● AVAILABLE DATA:
>>>>>

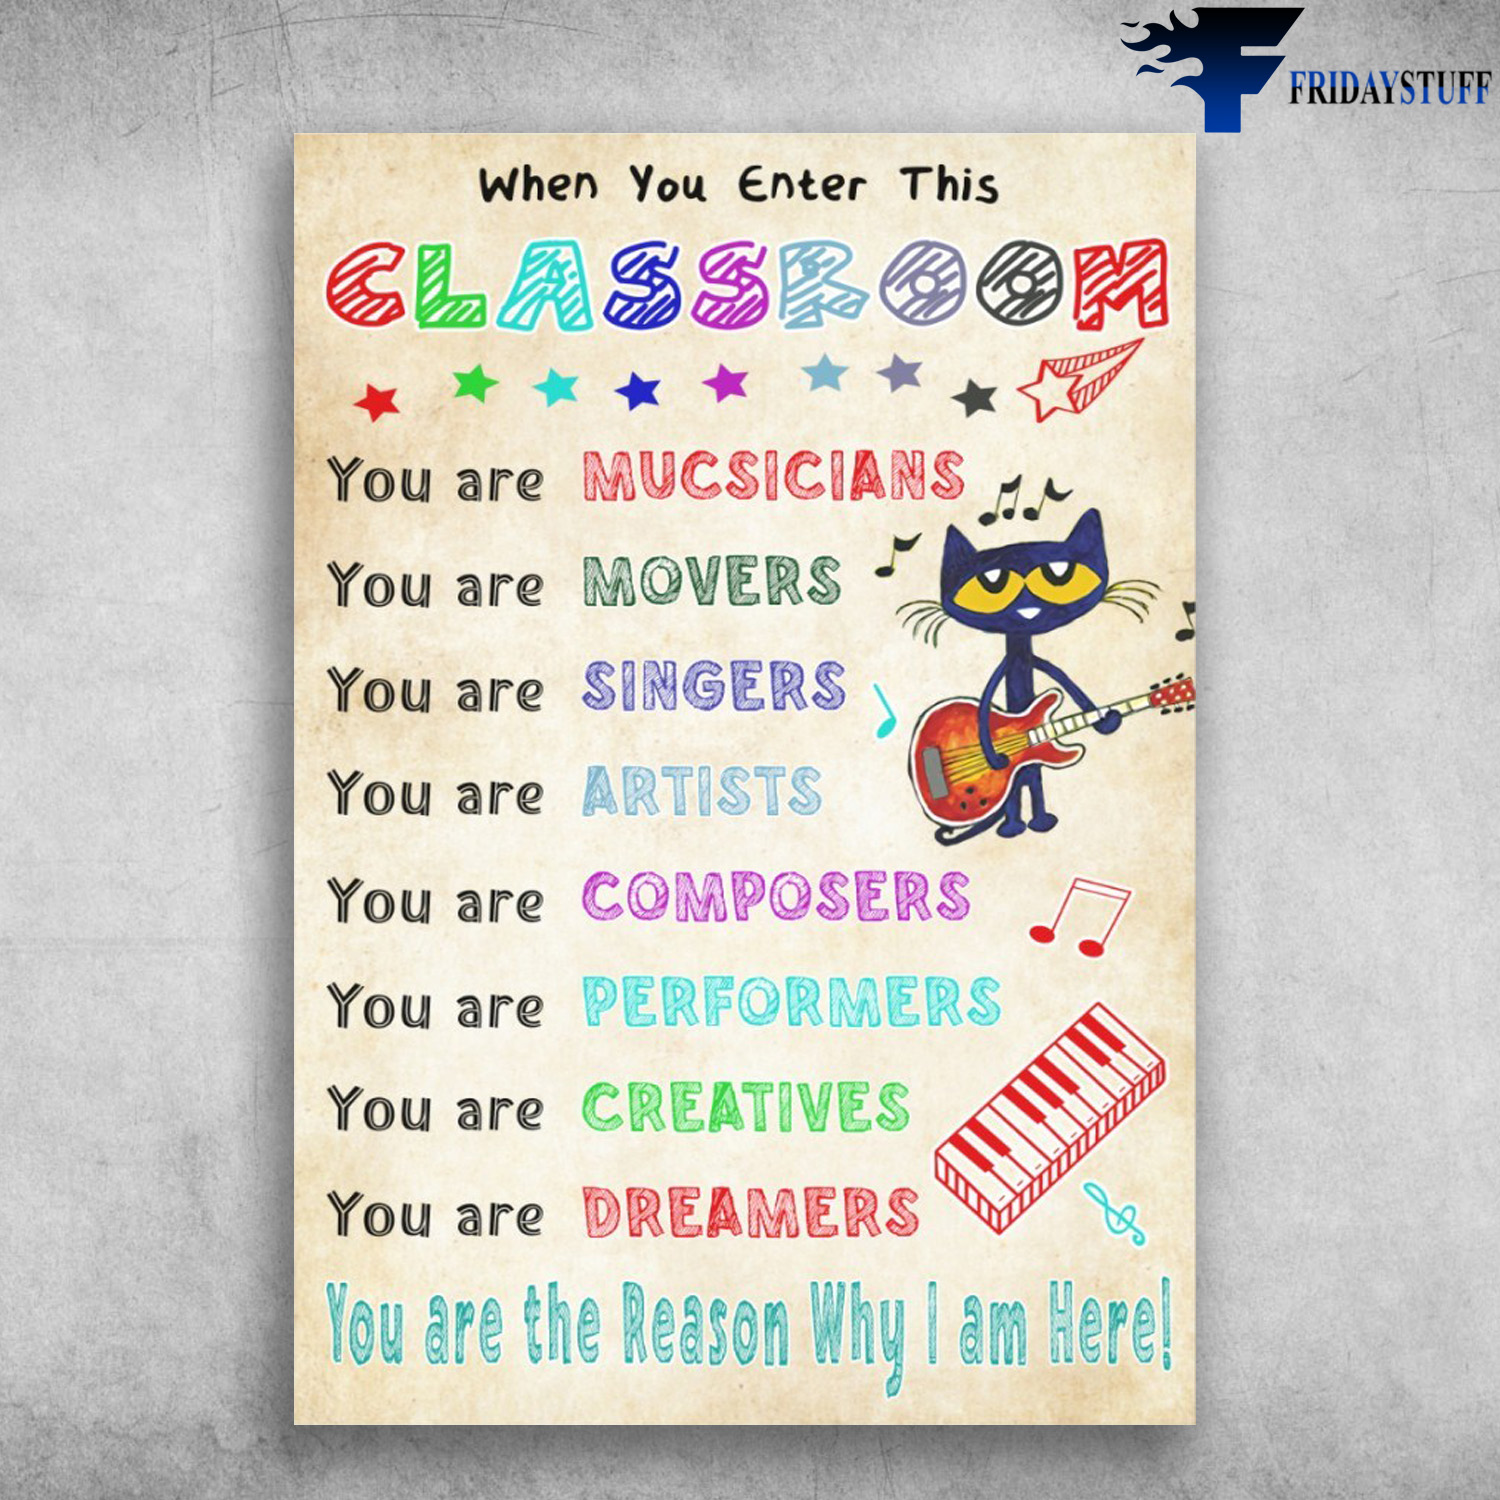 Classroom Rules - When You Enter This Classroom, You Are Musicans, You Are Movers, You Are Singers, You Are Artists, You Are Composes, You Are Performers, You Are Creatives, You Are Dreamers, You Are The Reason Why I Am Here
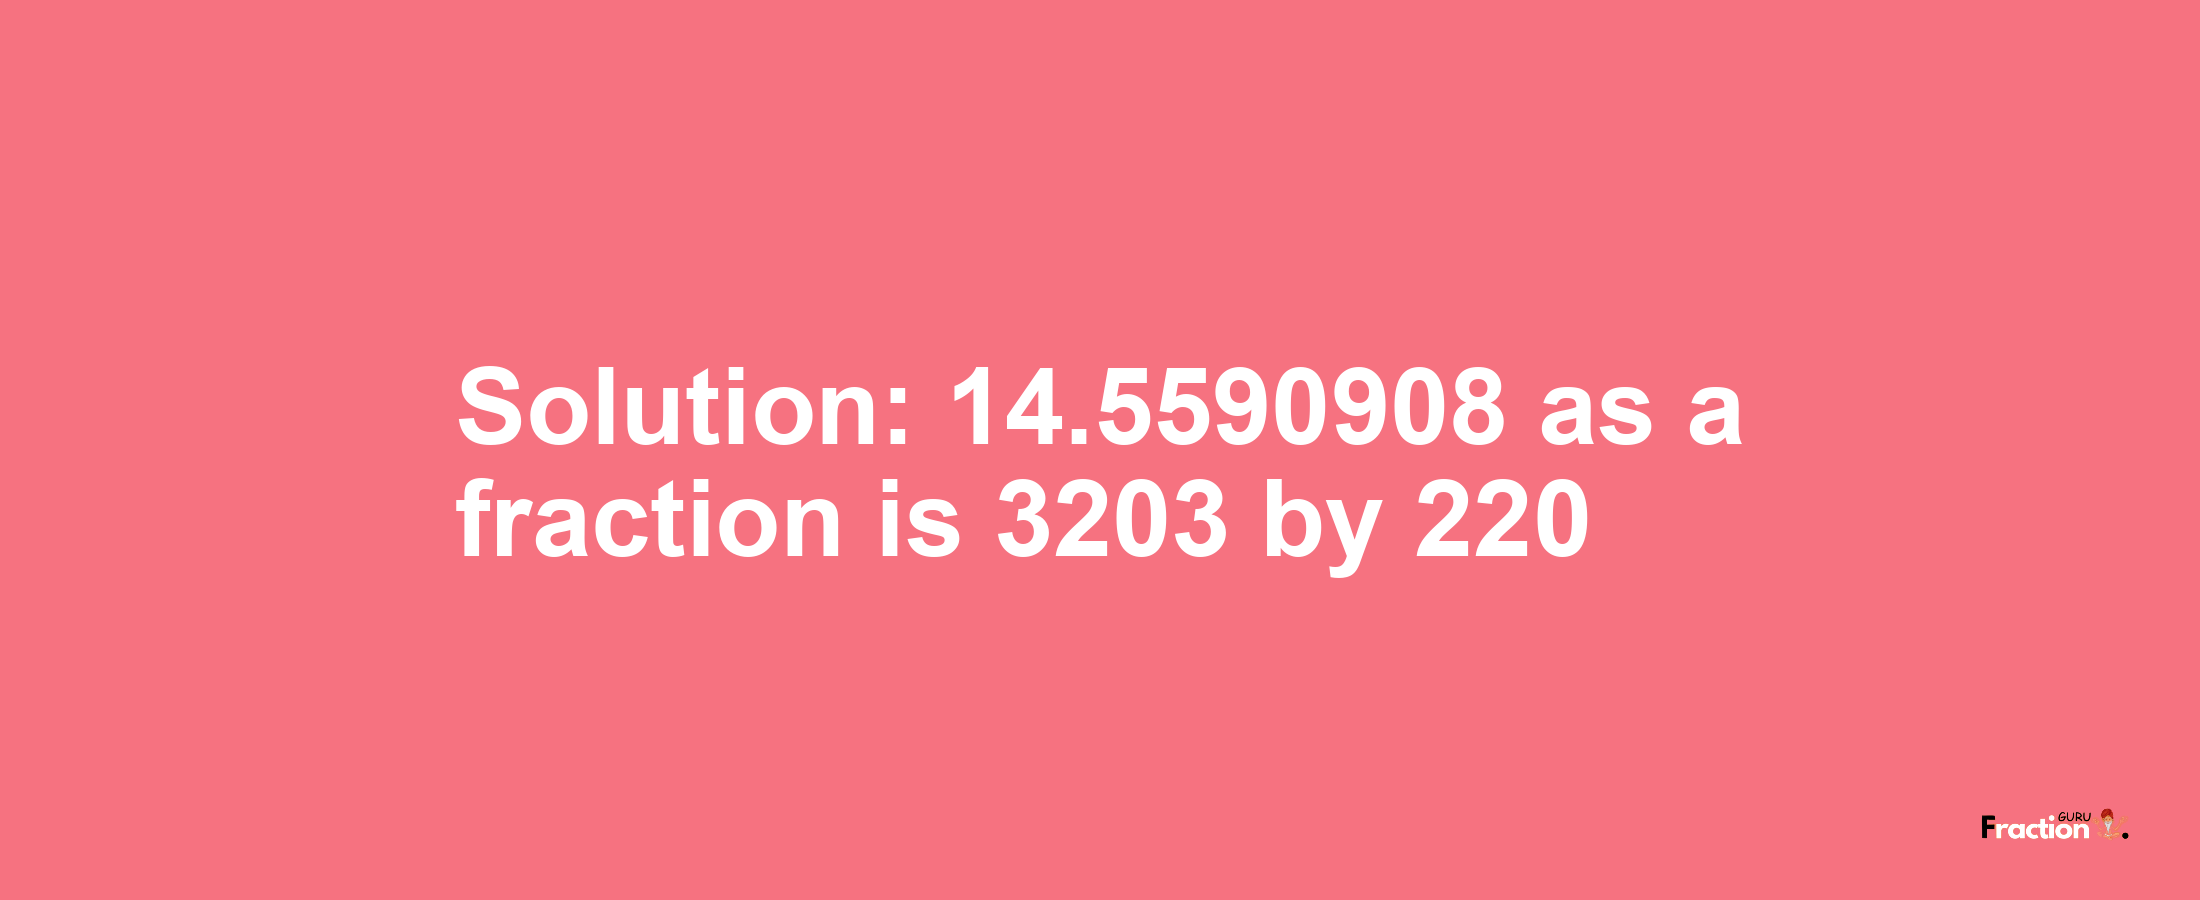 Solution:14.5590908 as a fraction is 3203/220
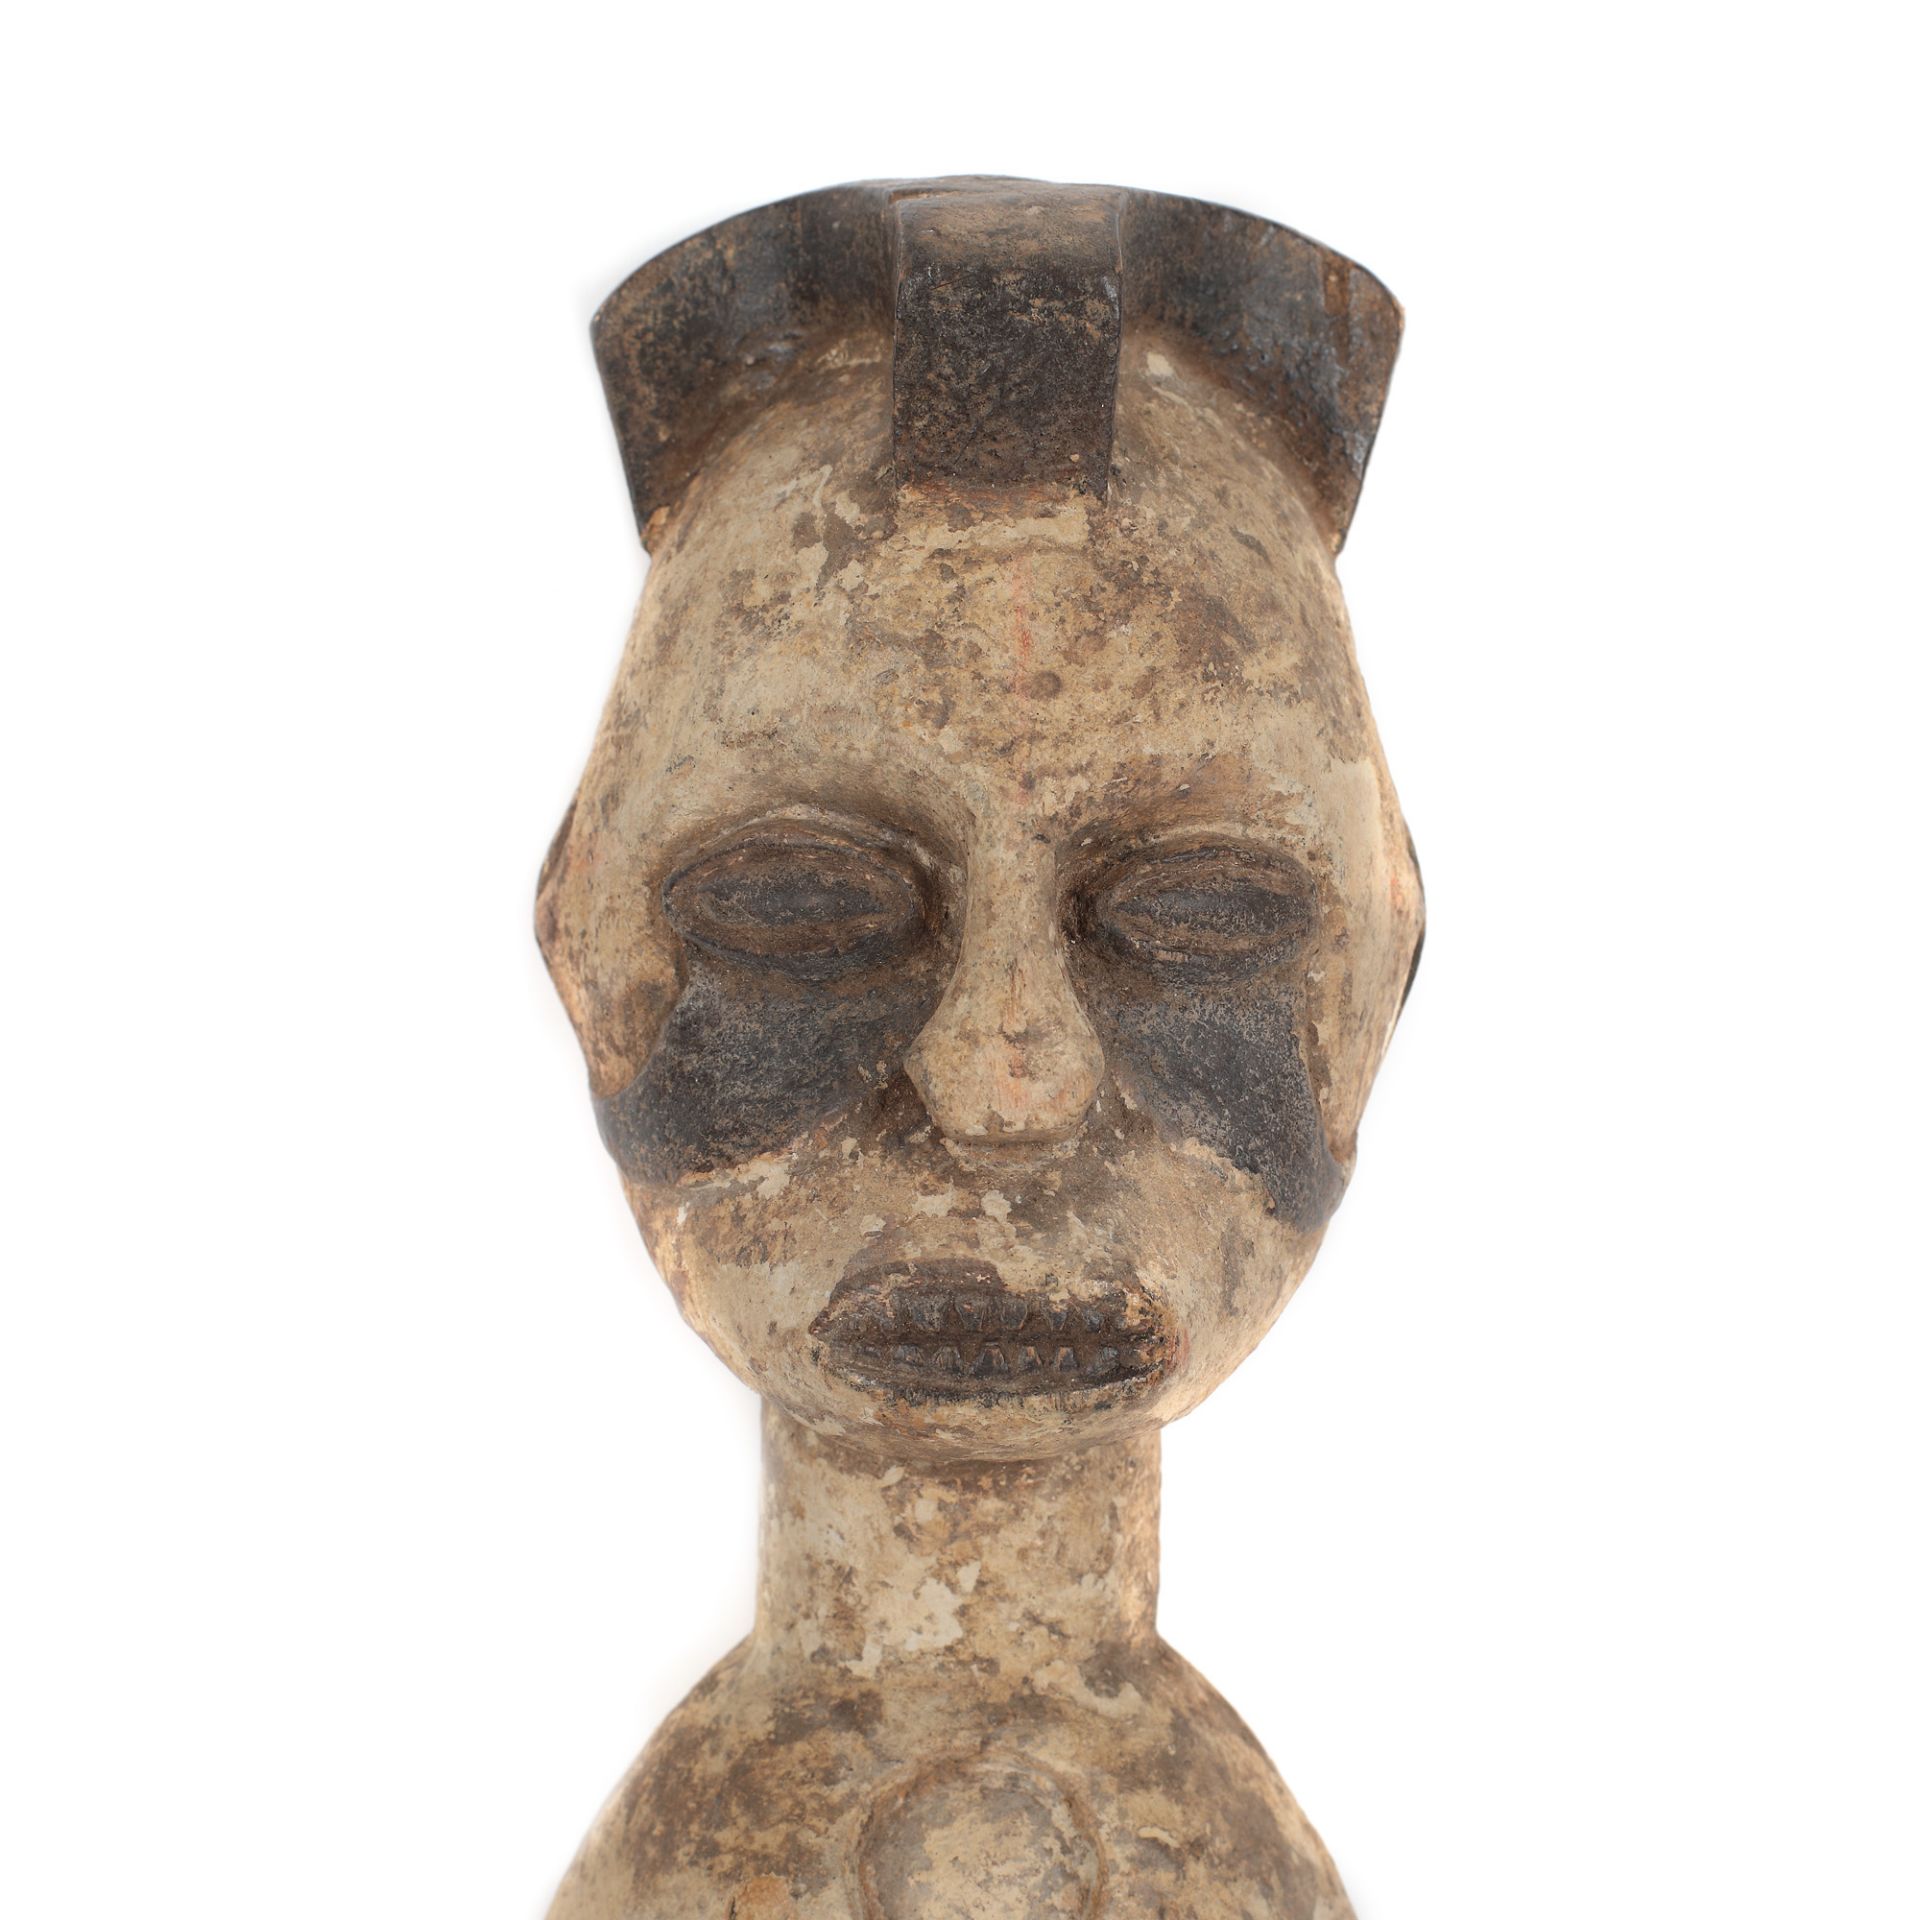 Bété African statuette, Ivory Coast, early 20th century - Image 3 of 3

<<<<<

When you restate the listing above, give each line word for word but leave out every image.

● SOLVED PROBLEM:
 Classroom Rules - When You Enter This Classroom, You Are Musicans, You Are Movers, You Are Singers, You Are Artists, You Are Composes, You Are Performers, You Are Creatives, You Are Dreamers, You Are The Reason Why I Am Here
 Solution:14.5590908 as a fraction is 3203/220
 Bété African statuette, Ivory Coast, early 20th century - Image 3 of 3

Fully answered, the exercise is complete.